Monday, April 13, 2015

Josefov (The Jewish Quarter)

I began my solo exploration of Prague on Sunday morning near the main train station where I picked up a three-day tram pass.  My route took me past the Jerusalem Synagogue built in the Art Nouveau style to replace several synagogues that had been destroyed at the turn of the twentieth century in the Jewish Quarter.




Wenceslas Square is more like a long boulevard.  The site of a former horse market, it's named after the patron saint of Bohemia.



The main building of the National Museum, sits directly behind the statue of St. Wenceslas. It's closed for renovation until at least 2018.





Hard to believe it now, but this cross marks the site where two Czech students self-immolated to protest the end of the Prague Spring in 1968.  It took another 21 years for the Velvet Revolution to establish their dream of independence from the Union of Soviet Socialist Republics.


Wenceslas Square runs into the old town.  Sanitation workers were cleaning up after some kind of celebration that included a lot of balloons, ribbons and flowers.




It's hard not to be enchanted by Prague even if it does sometimes seem like a Disneyesque riff on Mittel Europa.  Taking pretty pictures is like shooting fish in a barrel, even with much of the city under reconstruction.
















The city fathers aren't shy about mixing up the new with the old, either.  Take, for example, this hussy kneeling in front of a classic building.


Her belly reflects the head lights of oncoming traffic.
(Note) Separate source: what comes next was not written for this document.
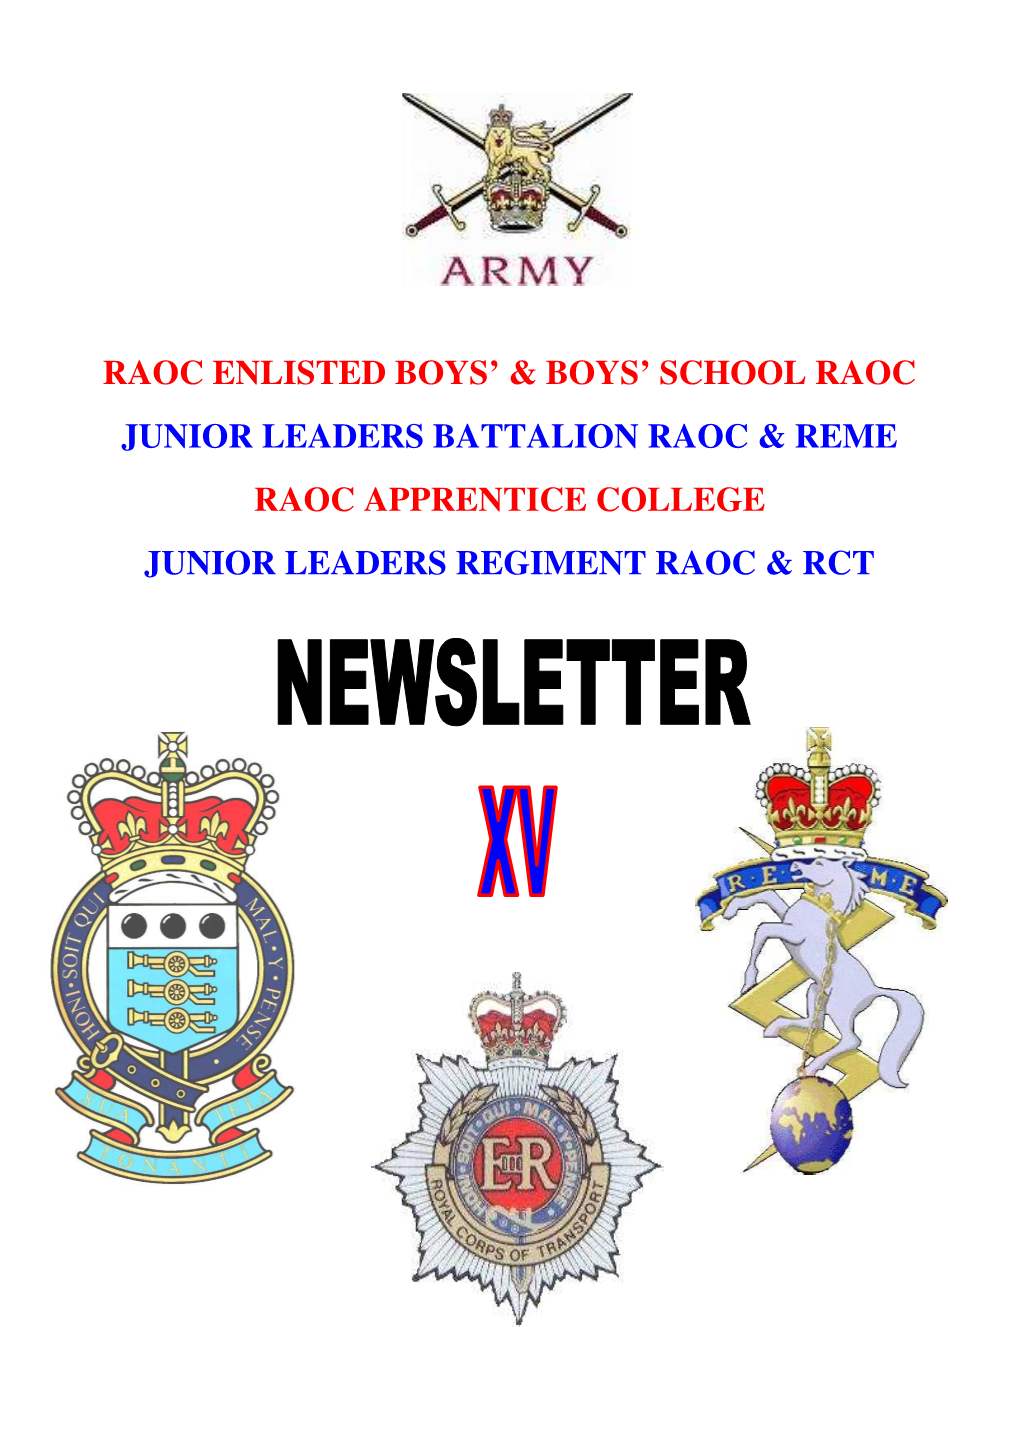 Raoc Apprentice College Junior Leaders Regiment Raoc & Rct

The Spanish Synagogue was my first stop in Josefov, which is completely surrounded by the old town.  


When the Holy Roman Emperor Josef II opened Prague to Jews in 1781, they were so grateful that they named their ghetto after him.  In an attempt to make Prague more like Paris at the end of the 19th century, much of Josefov was torn down but a few synagogues survived.  The Spanish Synagogue is by far the most beautiful.














The synagogue does a good job of documenting Prague's substantial Jewish history, including the anti-Semitism that preceded Nazi annexation.  This cartoon depicts a Jew fleeing to America to escape socialism.  With bags of money, of course.


But the Nazis were more determined in their expression of anti-Semitism.


They seized religious garb as well as silver when they rounded up Jews before sending them to Terezin, what they called a "model Jewish settlement" in a propaganda film.



The Old-New Synagogue was a short walk away.  


While not as beautiful as the Spanish Synagogue and much smaller, the Old-New Synagogue has been central to Jewish life in Prague for more than seven centuries, and is the oldest active synagogue in Europe.  







A quick visit to the Ceremonial Hall taught me more than I ever knew about Jewish burial rites.  Many of the implements used at this former mortuary, built next door to the Jewish cemetery in the early 20th century, also were on display.











I took a break from Jewish history and hurried back to old town square to watch the astronomical clock strike noon.




The 12 apostles made an appearance.



On the way back to Josefov, I passed the ghost of Franz Kafka in a souvenir shop.  More on Franz later.  I can't decide if he or Vaclav Havel is Prague's favorite son.


The lovingly restored Klausen Synagogue is Josefov's largest. 





Jewish stars were embedded everywhere in the synagogue's design.





Many people used guides to better understand the permanent exhibit of Jewish customs and traditions.




Here's a bris kit.  Mohels use it to circumcise male babies.  Unfortunately, this also made it easier for the Nazis to identify Jewish men who were trying to escape persecution.


The Pinkas Synagogue around the corner included a Holocaust memorial.  





 The names of all the Czech Jews murdered by the Nazis are inscribed on its walls.



A heartbreaking exhibit upstairs includes the luggage of children who were sent to Terezin, called Theresienstadt by the Nazis, a kind of purgatory for Czech Jews.  If they didn't die in this settlement, they were deported to concentration camps in other parts of Eastern Europe.


More than 15,000 children passed through the camp.  Some of their drawings are displayed.





I saved the Old Jewish Cemetery for last.  Beginning in 1439, nearly 12,000 Jews were buried during here during the next 350 years in an area the size of a single city block.  If it seems small, that's because as many as ten graves are layered on top of one another.




























Spotting an orthodox Jew in New York hardly would be worth taking a photo, but in Josefov, now mostly occupied by luxury retailers,  it was like seeing an endangered species in the wild.